You are viewing a plain text version of this content. The canonical link for it is here.
Posted to users@opennlp.apache.org by "Jim - FooBar();" <ji...@gmail.com> on 2013/01/11 20:13:42 UTC

[ANN] - annotator-clj gets built-in support for openNLP compatible annotations (NameFinder)

Hi all,

I finally got the chance to clean-up and essentially revisit some bits 
of code that have helped me a lot the past year. I put it all together 
in a project and open-sourced it just in case anyone else find it 
useful. The project is a high-performance, dictionary-based annotator 
which can be tuned for either openNLP or stanfordNLP or some custom NER 
engine.

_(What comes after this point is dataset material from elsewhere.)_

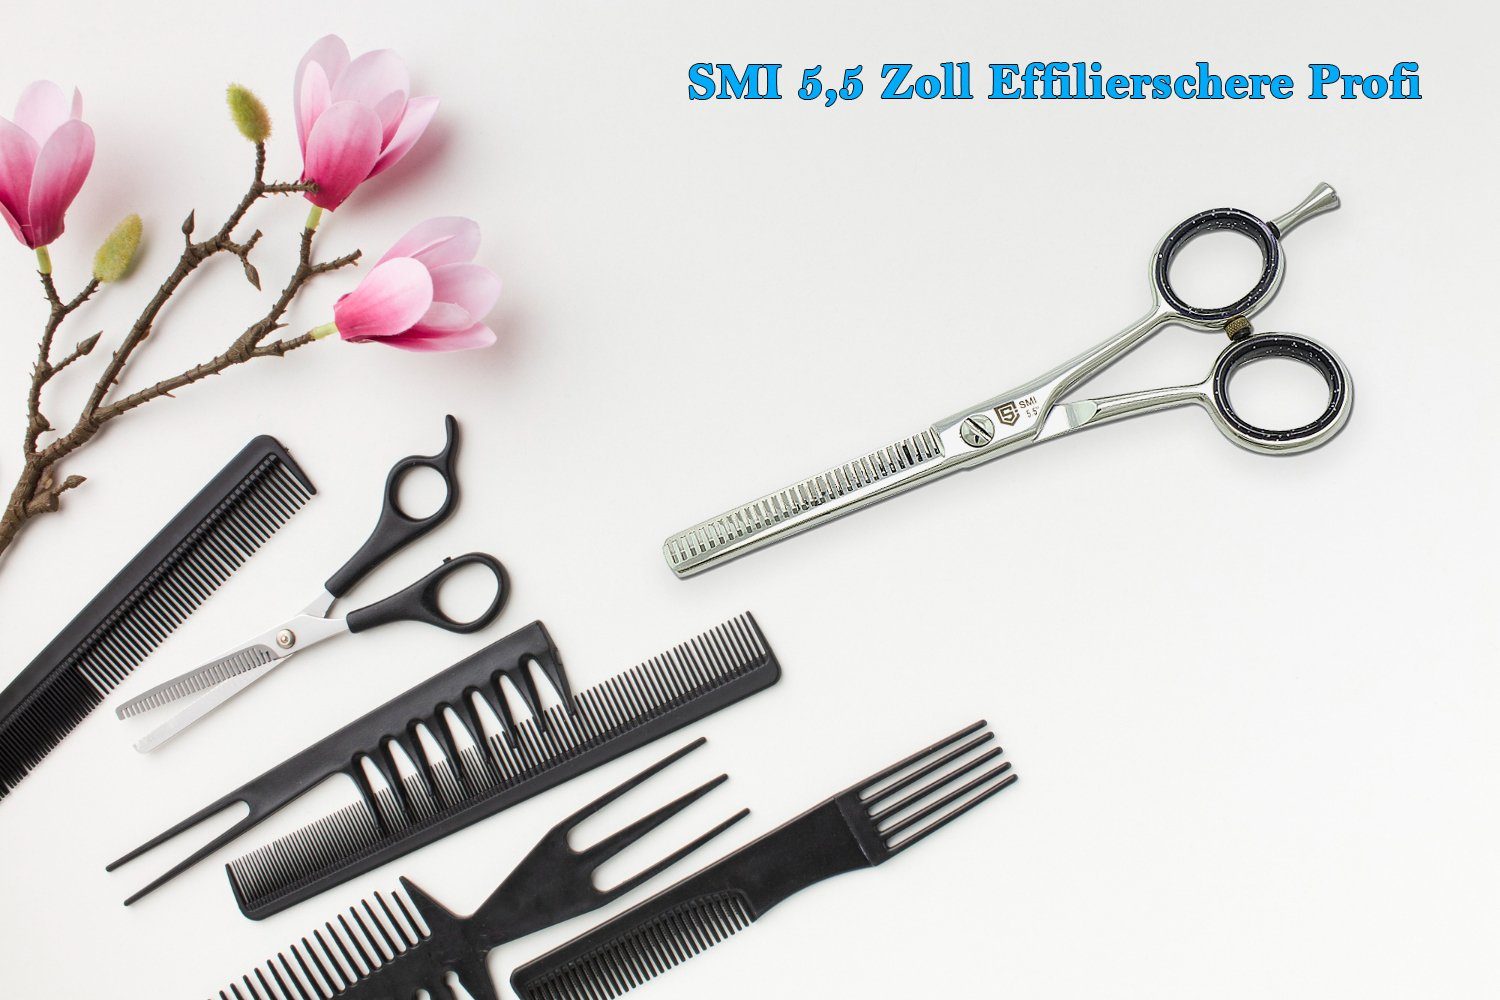 SMI Haarschere 5,5 zoll Effilierschere Ausdünnschere Friseurscheren Haarschere

Features include:

  * openNLP or stanfordNLP or custom NER component compatibility
  * fully parallel annotations of separate documents (optional)
  * flexible API can deal with multiple dictionaries per document
    (merges them in a set)
  * custom tags are supported and can be provided directly on the
    command-line
  * basic normalisation is applied to the dictionary entries
    (un-capitalisation - unless they are all capital)
  * options to merge all the annotations together in a single file or
    write them separately on dedicated directory
  * fully functional command-line interface
  * fully usable from any JVM-based language
  * non-reflective source code
  * data-centric & immutable API

The project lives here: https://github.com/jimpil/annotator-clj

Feel free to try it out...:)

Jim